Available data
○ ○ ○ ○
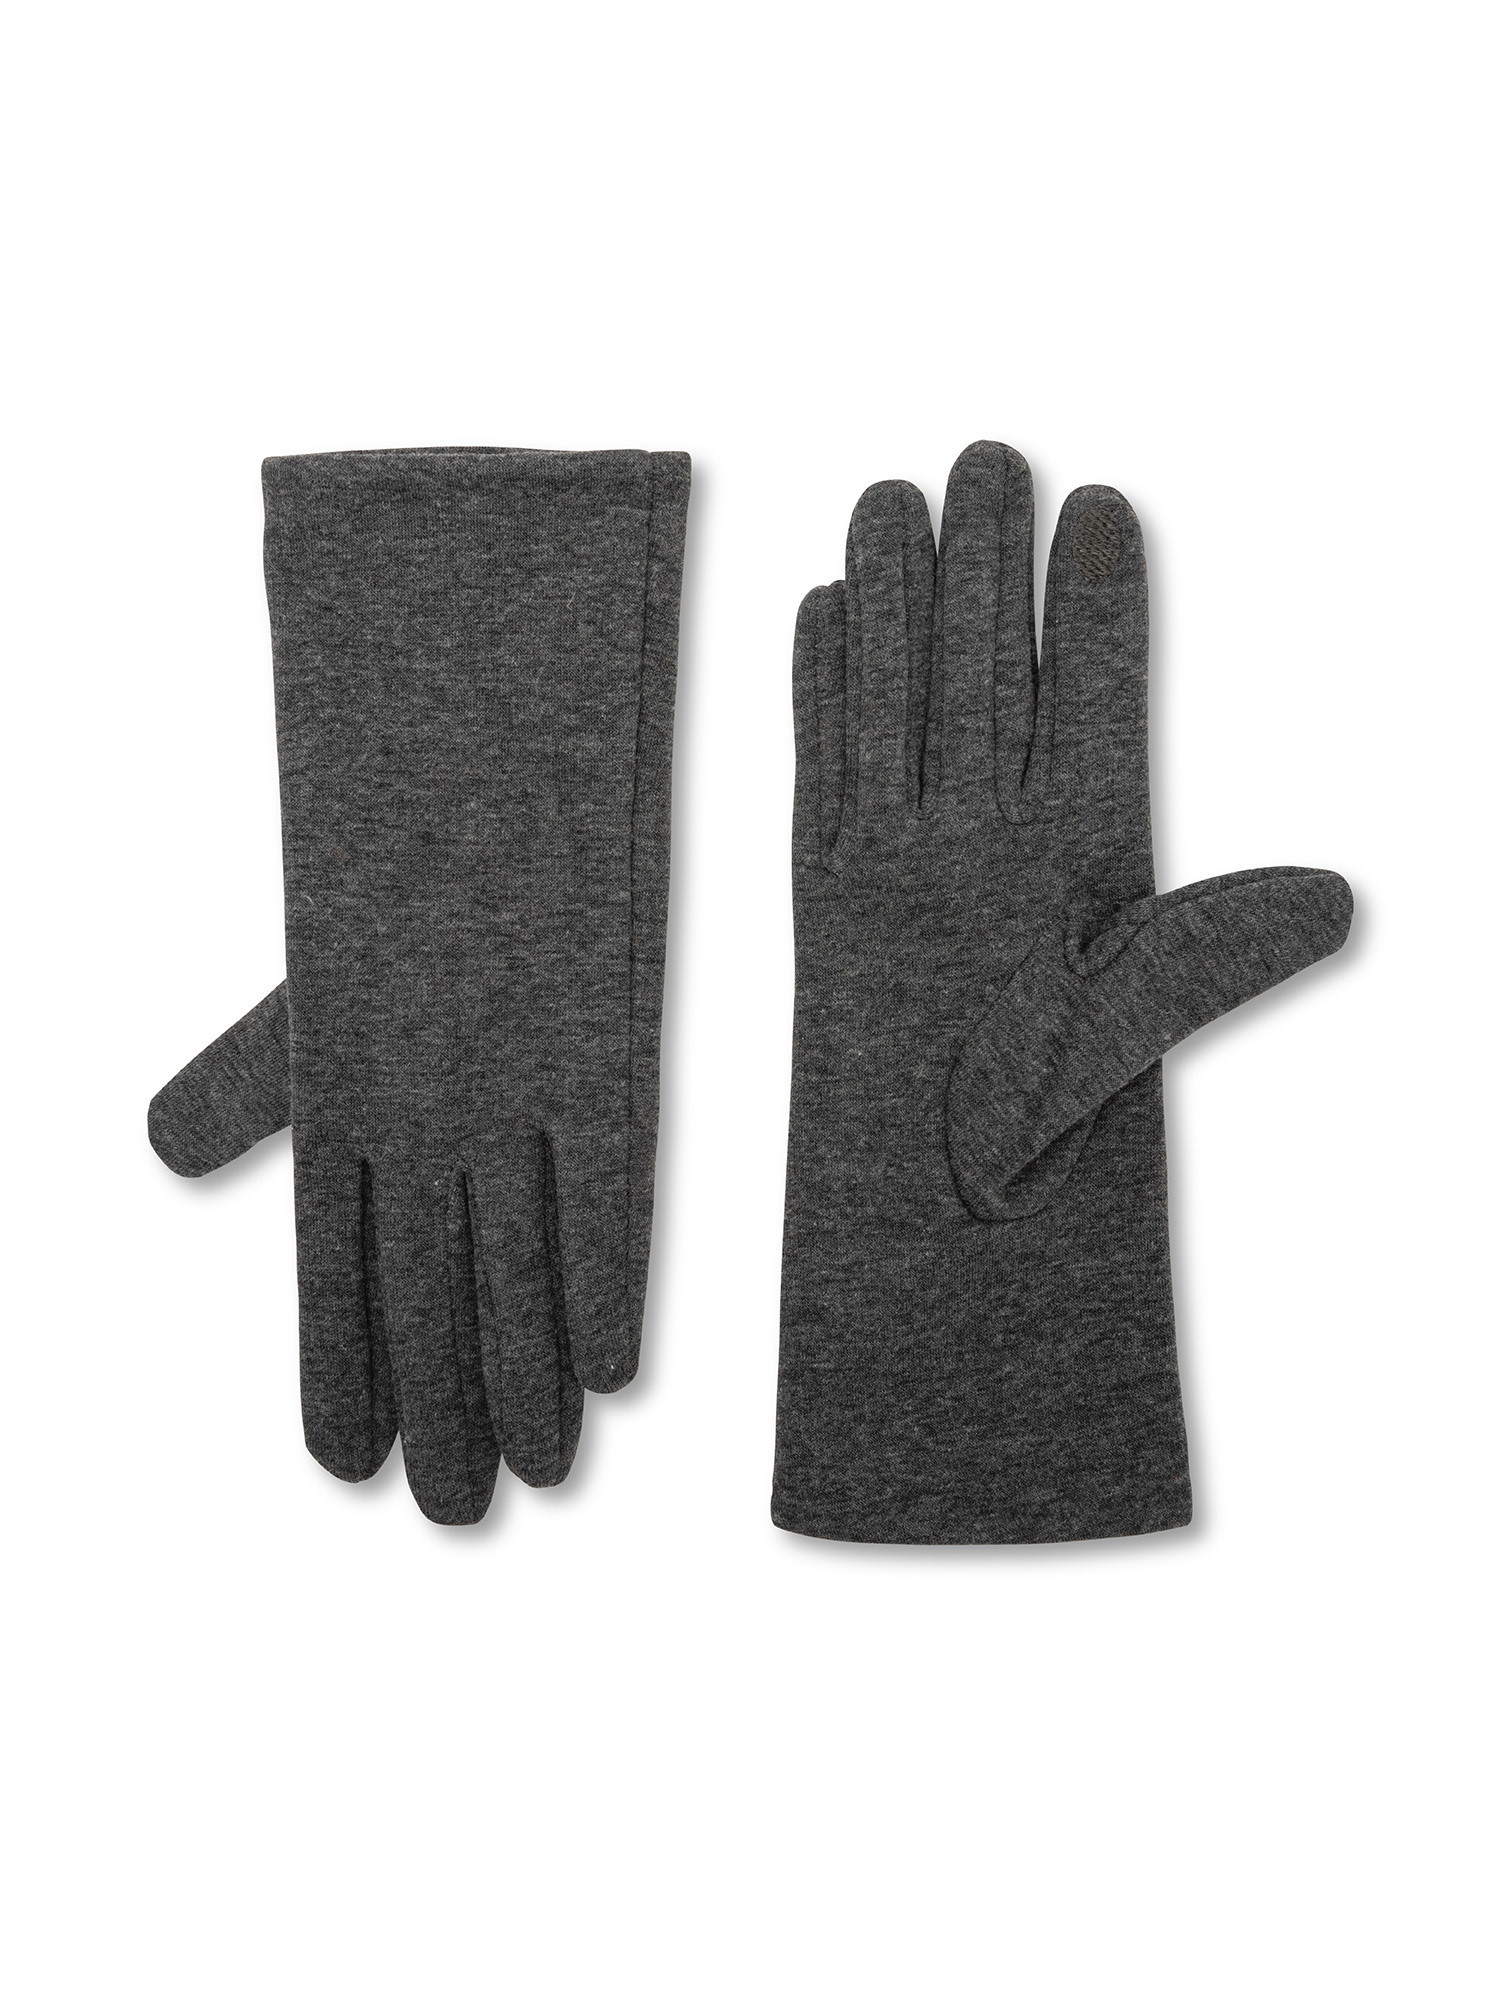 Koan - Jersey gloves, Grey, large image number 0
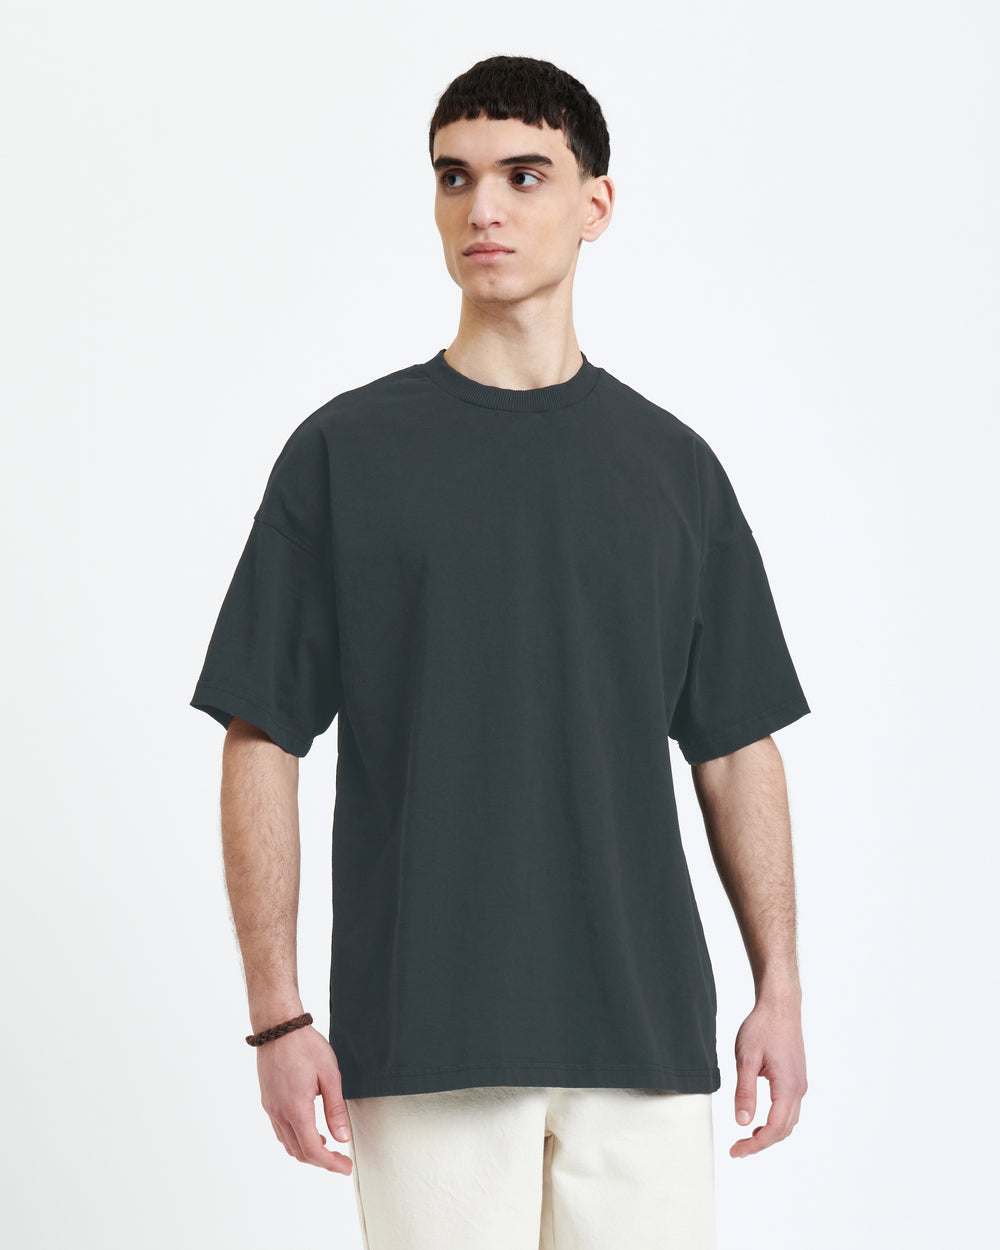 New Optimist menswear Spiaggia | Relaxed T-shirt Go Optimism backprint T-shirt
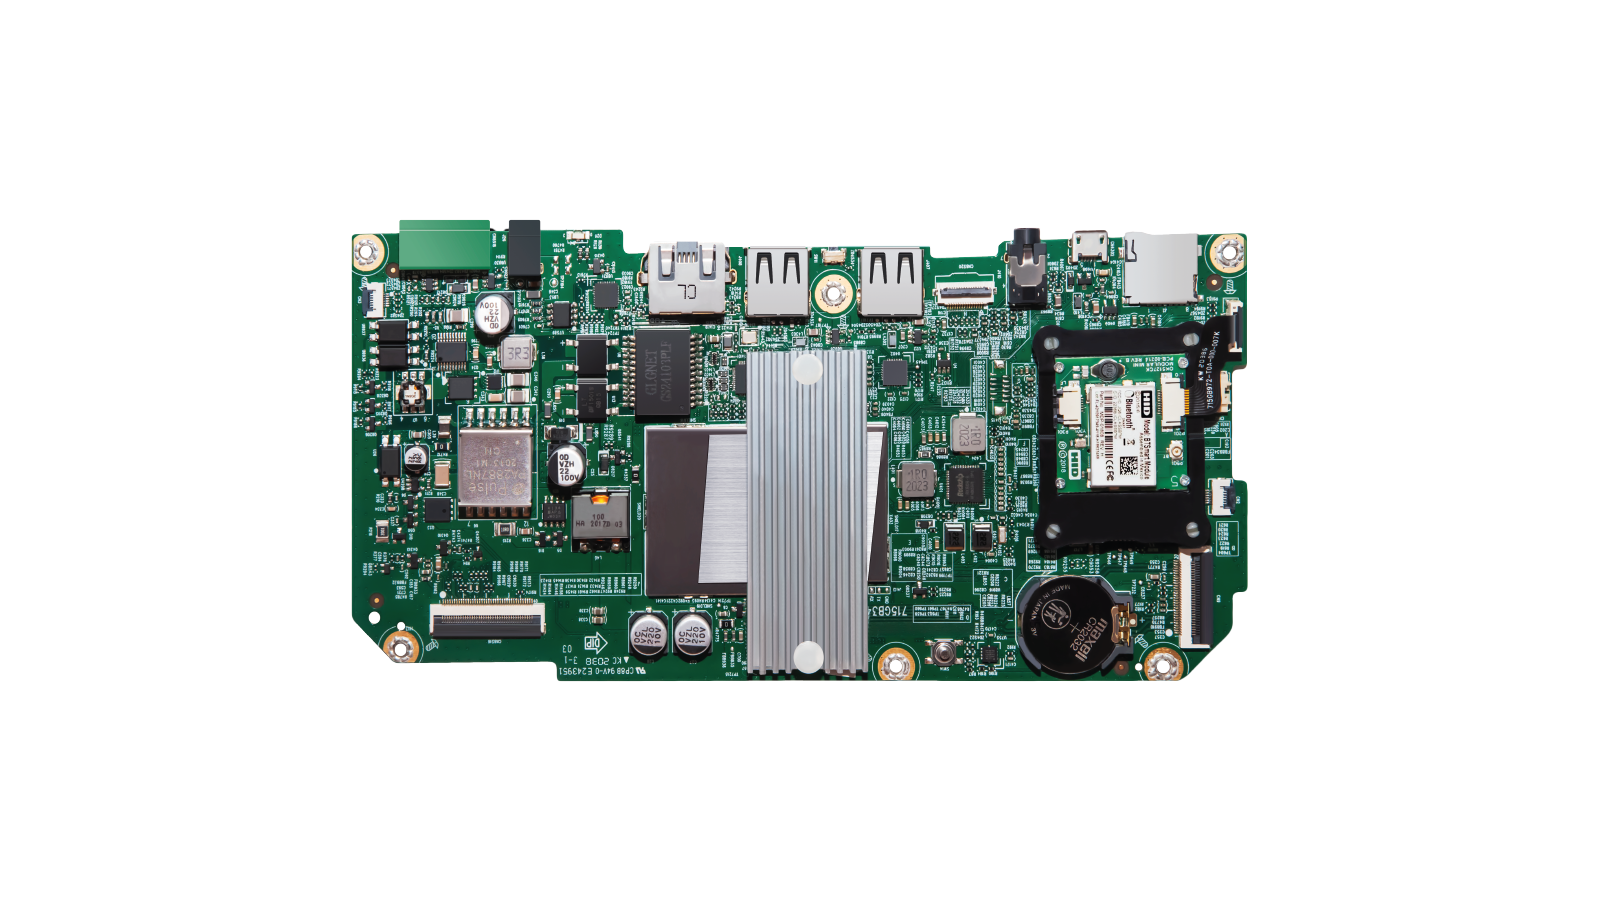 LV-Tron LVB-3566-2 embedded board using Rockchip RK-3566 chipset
○ ○ ○ ○
Work to be completed
An exact retyping of the material, minus the pictures, is the required answer.

Expected output
 Koan - Jersey gloves, Grey, large image number 0
 New Optimist menswear Spiaggia | Relaxed T-shirt Go Optimism backprint T-shirt
 LV-Tron LVB-3566-2 embedded board using Rockchip RK-3566 chipset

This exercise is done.